The performance numbers are striking: roughly 60% reduction in median time-to-first-token, over 90% at p95. Containers provision lazily — only when Claude actually needs to execute something — instead of blocking inference during upfront setup. Because harnesses are stateless, they scale horizontally without dedicated containers per brain. Organizations can even connect Claude to their own VPC infrastructure without network peering, which is a big deal for regulated industries that couldn't previously touch hosted agent services.

What You Build Against

The API surface is four concepts: Agent (model, system prompt, tools, MCP servers), Environment (container template with packages and network rules), Session (a running instance performing a task), and Events (SSE messages flowing between your app and the agent). Create an agent definition once, spawn unlimited sessions from it.

Sessions support mid-flight steering — send new events to redirect the agent while it's executing, or hard-interrupt to change course. Full event history persists server-side, so replay, audit, and debugging come free. The platform handles prompt caching, context compaction, and tool orchestration internally. No more hand-rolling your own agent loop.

Built-in tools include bash, file operations, web search and fetch, and arbitrary MCP connections. Credentials never touch execution sandboxes: OAuth tokens sit in external vaults, with a proxy making authenticated calls on the session's behalf.

The Price Tag

Standard Claude token rates plus $0.08 per session-hour. Web search inside sessions costs 10 per 1,000 queries. For a typical 15-minute Sonnet coding session, you're looking at about 0.02 in platform fees plus $0.30–0.80 in tokens depending on complexity.

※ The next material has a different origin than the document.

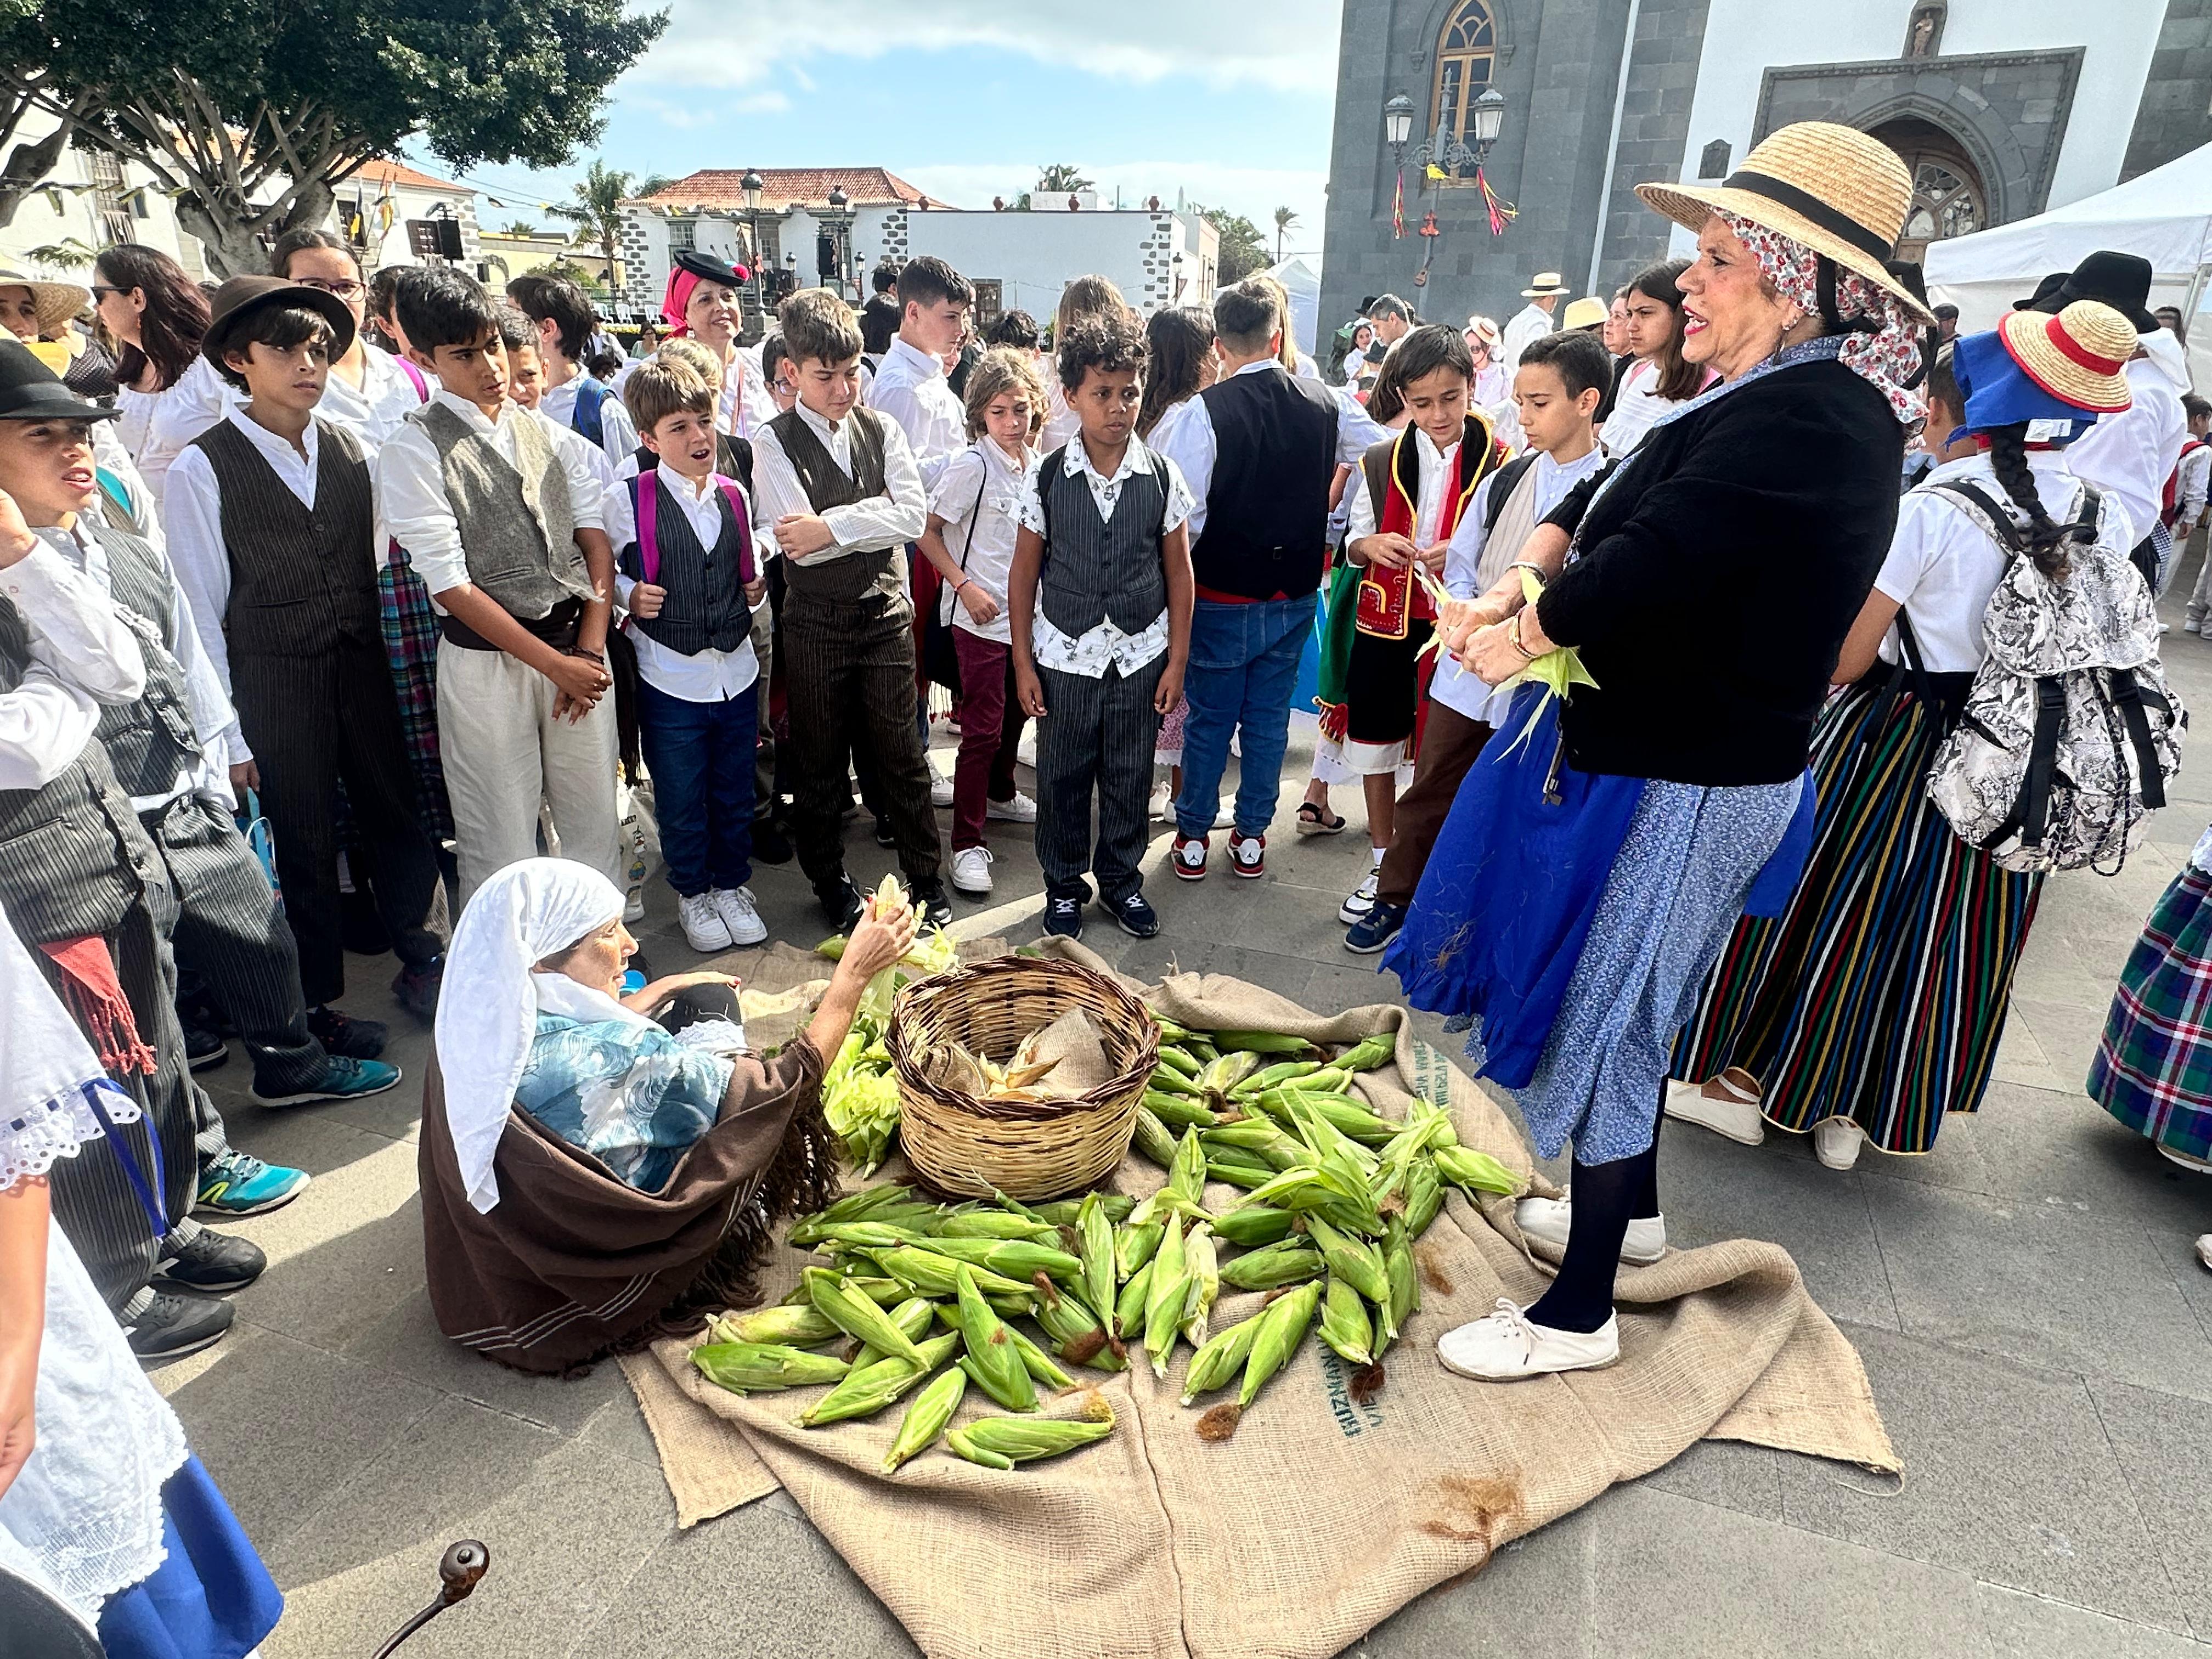 Fiesta de las tradiciones en Telde

That's not free. At scale — say, thousands of concurrent sessions running for hours — the session-hour fees stack up fast. But compare that to hiring two or three infrastructure engineers to build equivalent sandboxing, crash recovery, and state management from scratch. For most teams, the math isn't close.

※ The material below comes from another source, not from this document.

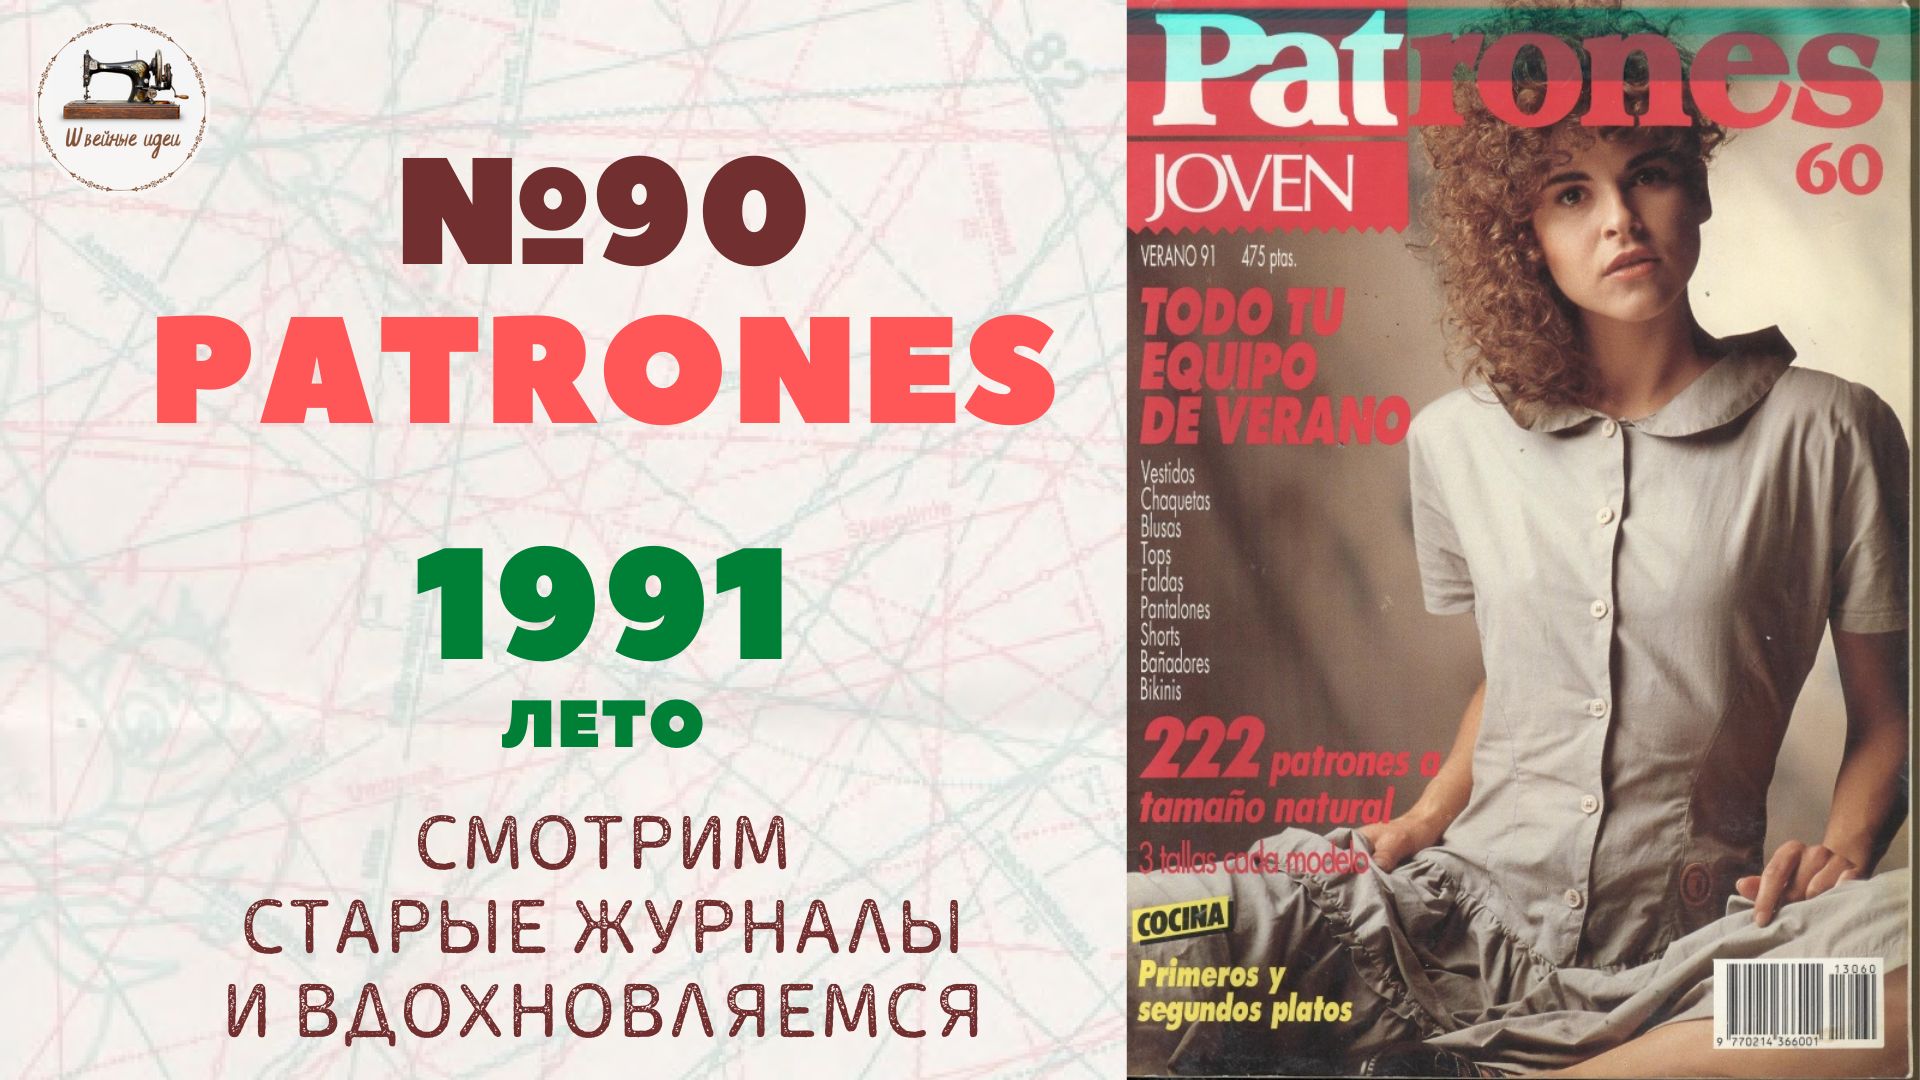 Мода 90-х. PATRONES 90/1991 лето/ Line Drawings/Технические рисунки

The Lock-in Question Nobody Wants to Ask

I want to be direct about this because the enthusiasm is drowning out the downsides.

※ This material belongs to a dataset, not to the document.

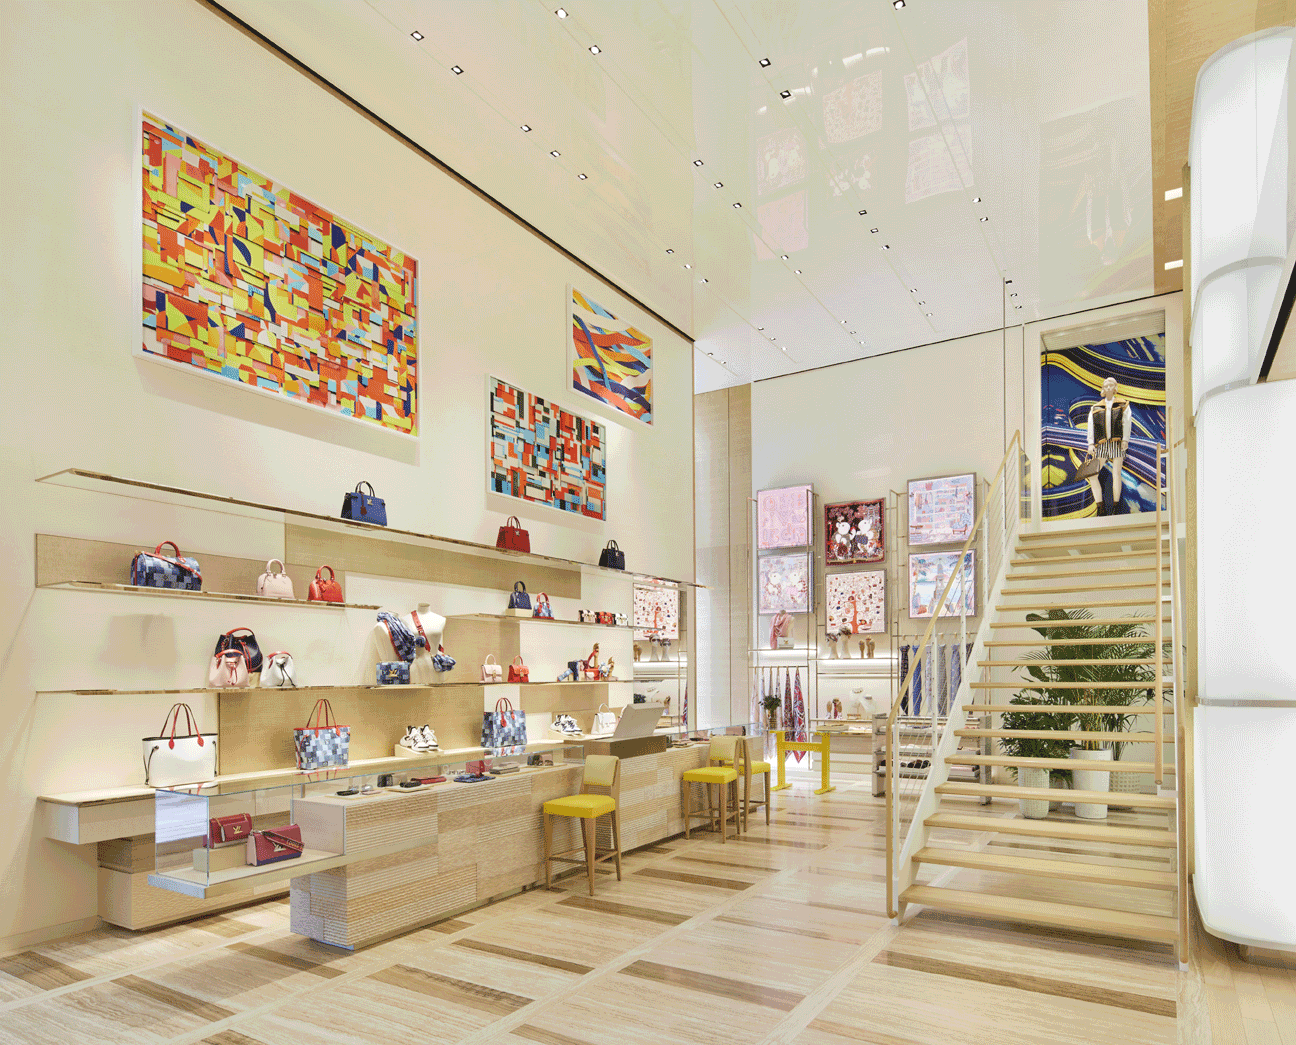 Louis Vuitton store New York by Jun Aoki

OpenAI's Responses API gives you tool execution without managed infrastructure — you still run your own sandboxes. Google's ADK and frameworks like LangGraph or CrewAI are runtime-level, meaning you own the full stack. Managed Agents is the only offering where the provider controls infrastructure end to end.

The closest open-source alternative is Multica — self-hosted with multi-model support and task lifecycle management. If vendor independence matters to your organization, that's your path.

Here's what concerns me: your agent definitions, session schemas, event formats, and tool configurations are all Anthropic-proprietary. Switching providers later means rewriting your infrastructure layer, not just swapping a model name in a config file. For a startup shipping an agent feature next quarter, that tradeoff is probably acceptable. For a platform team building capabilities they'll maintain for five years, think carefully about what you're coupling to before the convenience becomes a cage.

Where This Is Heading

The research preview features reveal Anthropic's roadmap. Multi-agent orchestration lets sessions spawn and coordinate child agents. Outcomes let you declare what "done" means and have the platform optimize toward it. Persistent memory carries context across sessions, turning one-shot executors into long-running collaborators that learn.

This is a platform play. Anthropic is building the operating system layer that agent-powered products run on — not just a runtime but a substrate. The forty thousand developers who liked that announcement in two hours weren't celebrating a new API. They were expressing relief. They'd been building exactly this infrastructure themselves, and they desperately want someone else to own the pager.